We opted for lunch at this point as the sun had finally come out - just in time to ensure that our summit photos are in the clouds! We chatted with the other group, and one of them asked us if we used to log our ascents - AWESOME! He was Richard and their group was a club from Eugene, OR. Pretty cool group of folks with a strong, competent leader.

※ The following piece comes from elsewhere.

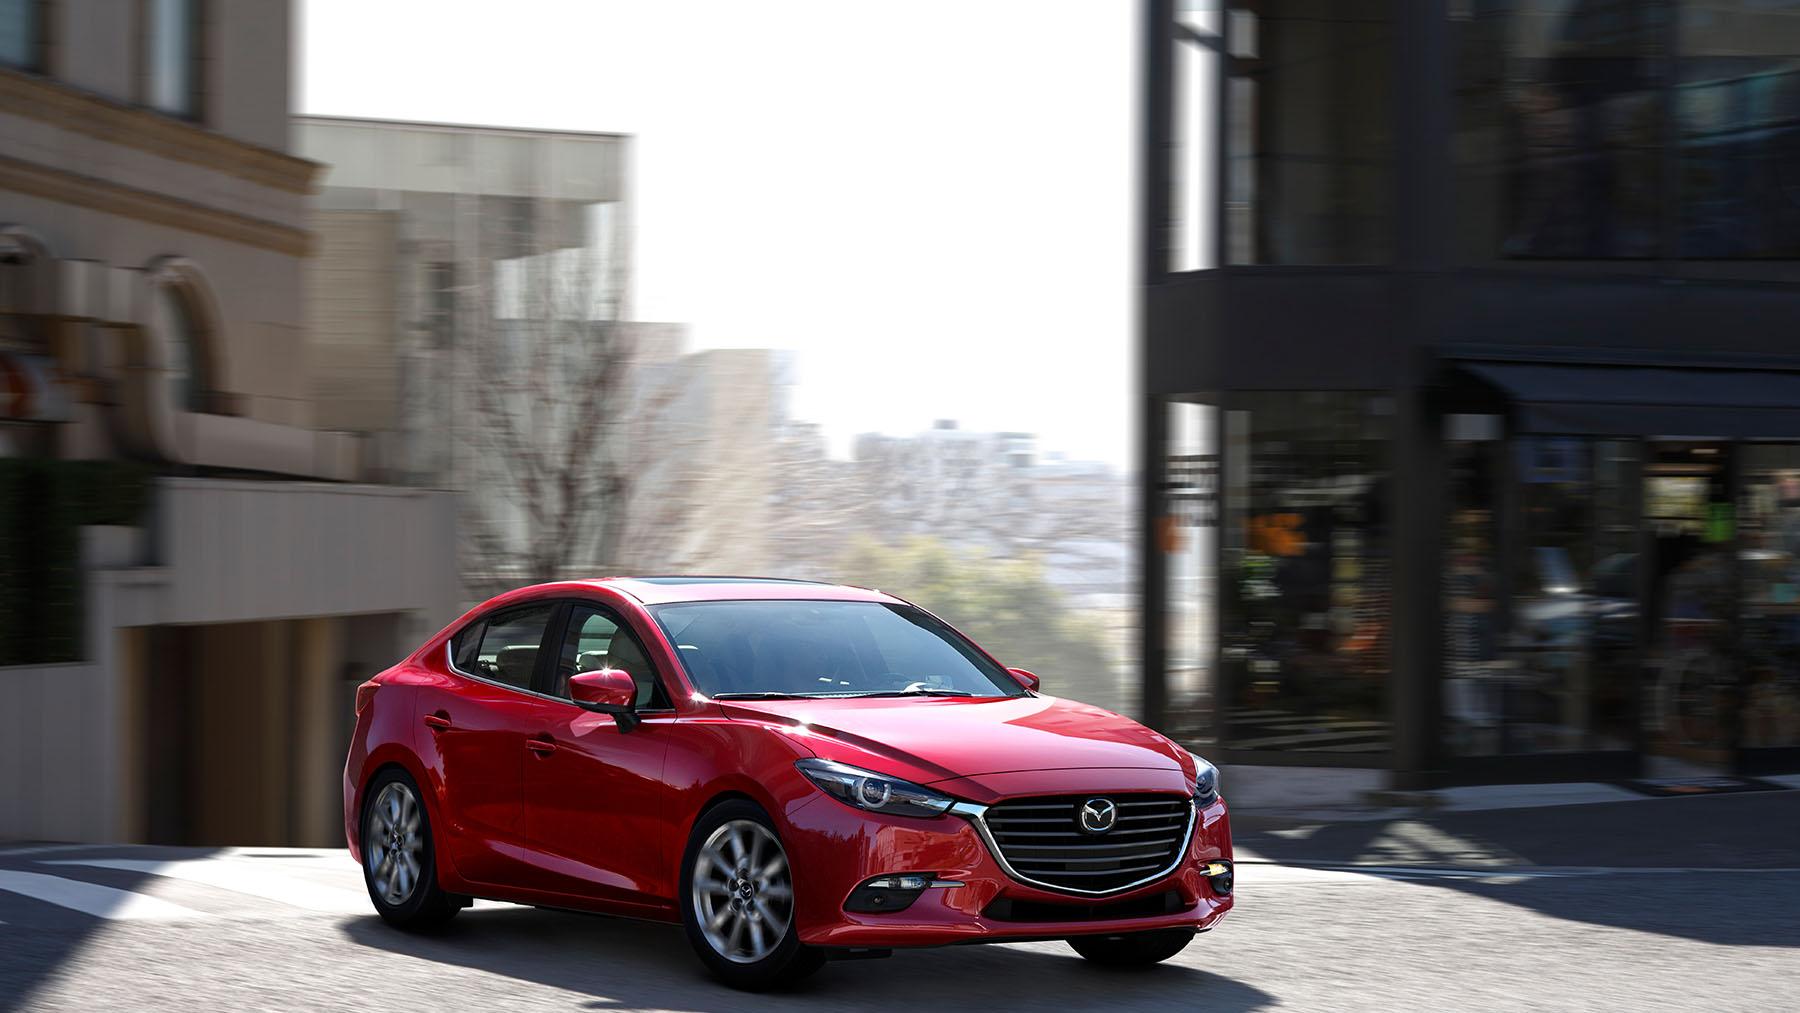 Mazda 3 2018 sedán en México color rojo frente

The group from Eugene had set a fixed line for the crawl and told us that we could use it. Edward tied in with a prussik, then Sam did the same. When my turn came, I figured that it would be obviously safer to use it as it was there. Of course, the way that we divided the gear up left my prussick in Edward's pack while I carried the rope and he was already down. Go figure. I ended up using it as a hand line for the 1 downclimb move that it felt better to hold on to it. Another group was still ascending as we passed the bottom of the crawl. The rest of the descent was uneventful.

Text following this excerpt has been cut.